2012 contemporary police mystery, fifth in Cleeves' Vera Stanhope
series. One of Vera's neighbours has vanished from her house, so Vera
tracks her down… to a writing retreat, just in time for the discovery
of the body.
Of course Cleeves indulges in a certain amount of needling about
mere crime writing versus Serious Literary Fiction; this is what
detective writers do when they write about writers, after all, and
she has fun with it. There's very little about the practicality of
writing, though, and much more about the sorts of people who think
they might be writers.
Vera's neighbour Joanna becomes the prime suspect through having been
on the scene, though that's soon cleared up (I'd ideally have liked a
bit more on how she and others feel when she comes back to the retreat
having left with everyone assuming she was a murderer). Another death
follows, and this time the scene is carefully arranged to match the
writing sample that another writer on the course had read out on the
previous night. That other writer, Nina Backworth, provides this
book's main secondary viewpoint; mostly, though, this is a story of
slogging police work that doesn't lead to much, followed by a
revelation to which the reader is not made privy which leads to Vera
setting a trap.
(And I rather think there is an inconsistency about where someone was
at a particular time, which leads what would otherwise be an obvious
and correct connection to be dismissed—and that inconsistency is never
mentioned.

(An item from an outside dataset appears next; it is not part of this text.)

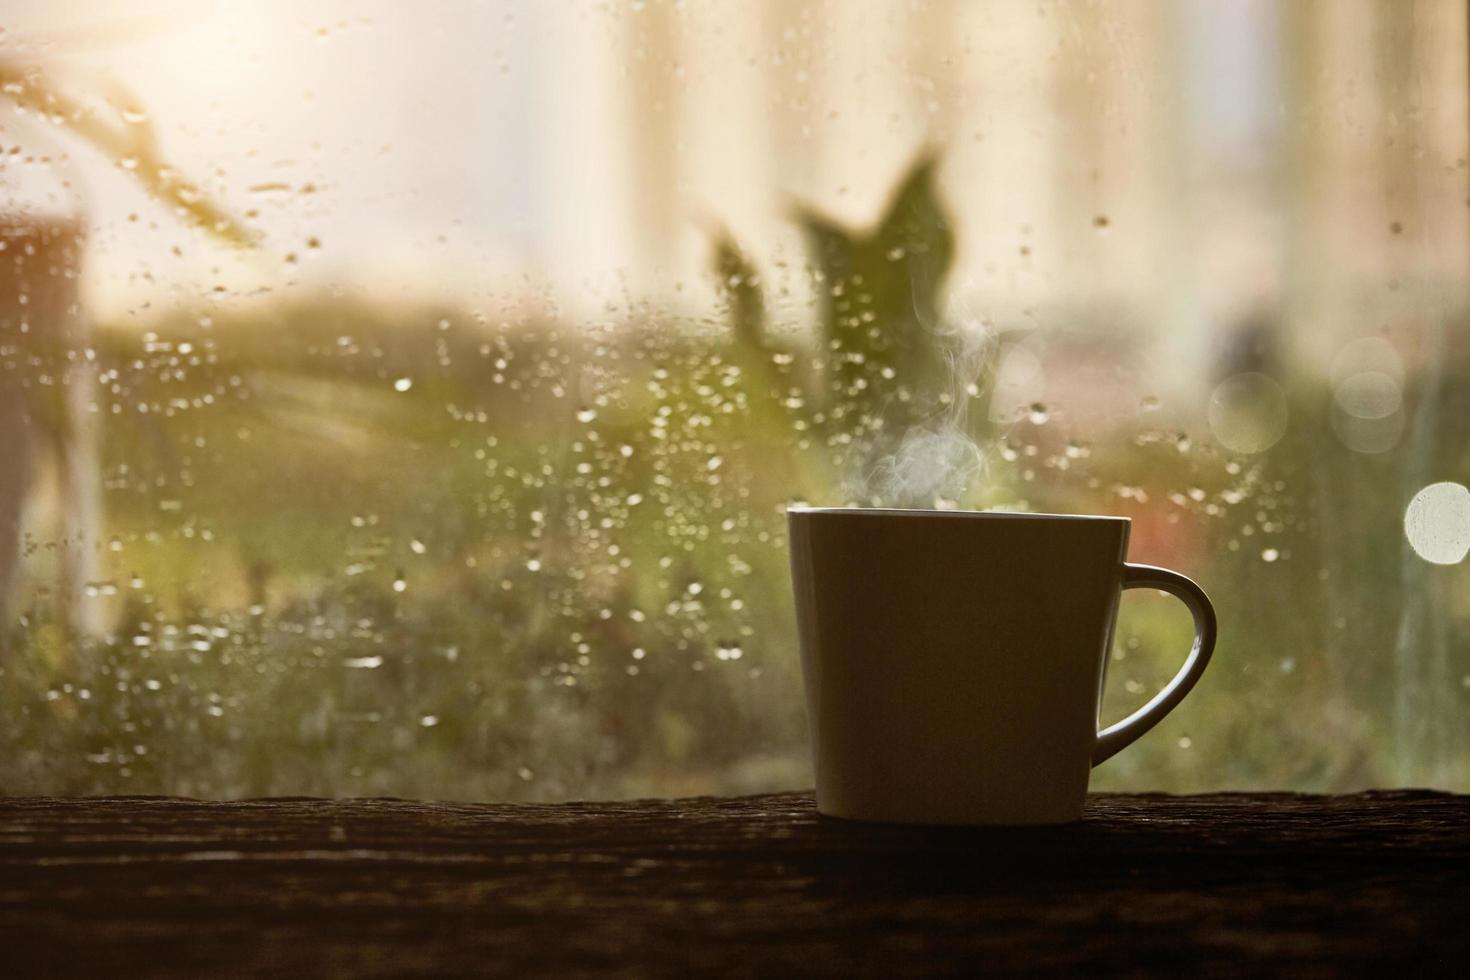 caffè vicino alla finestra piovosa foto

Qvq Yhpl Jvagregba xvyy urefrys juvyr ng havirefvgl va
Znapurfgre, nf vf vavgvnyyl fgngrq (naq purpxrq ol gur vairfgvtngbef),
be juvyr ng Fg Hefhyn'f va Ybaqba ba gur ZN pbhefr eha ol gur svefg
ivpgvz, nf unf orpbzr gur gehgu ol gur raq bs gur obbx?)
That sort of thing is frustrating to me, but I don't think that's the
only reason I found this book rather edgy and unpleasant compared with
the rest of the series so far. Still good, still mostly enjoyable, but
I wouldn't want to have gone into it without already being familiar
with the investigators from earlier books.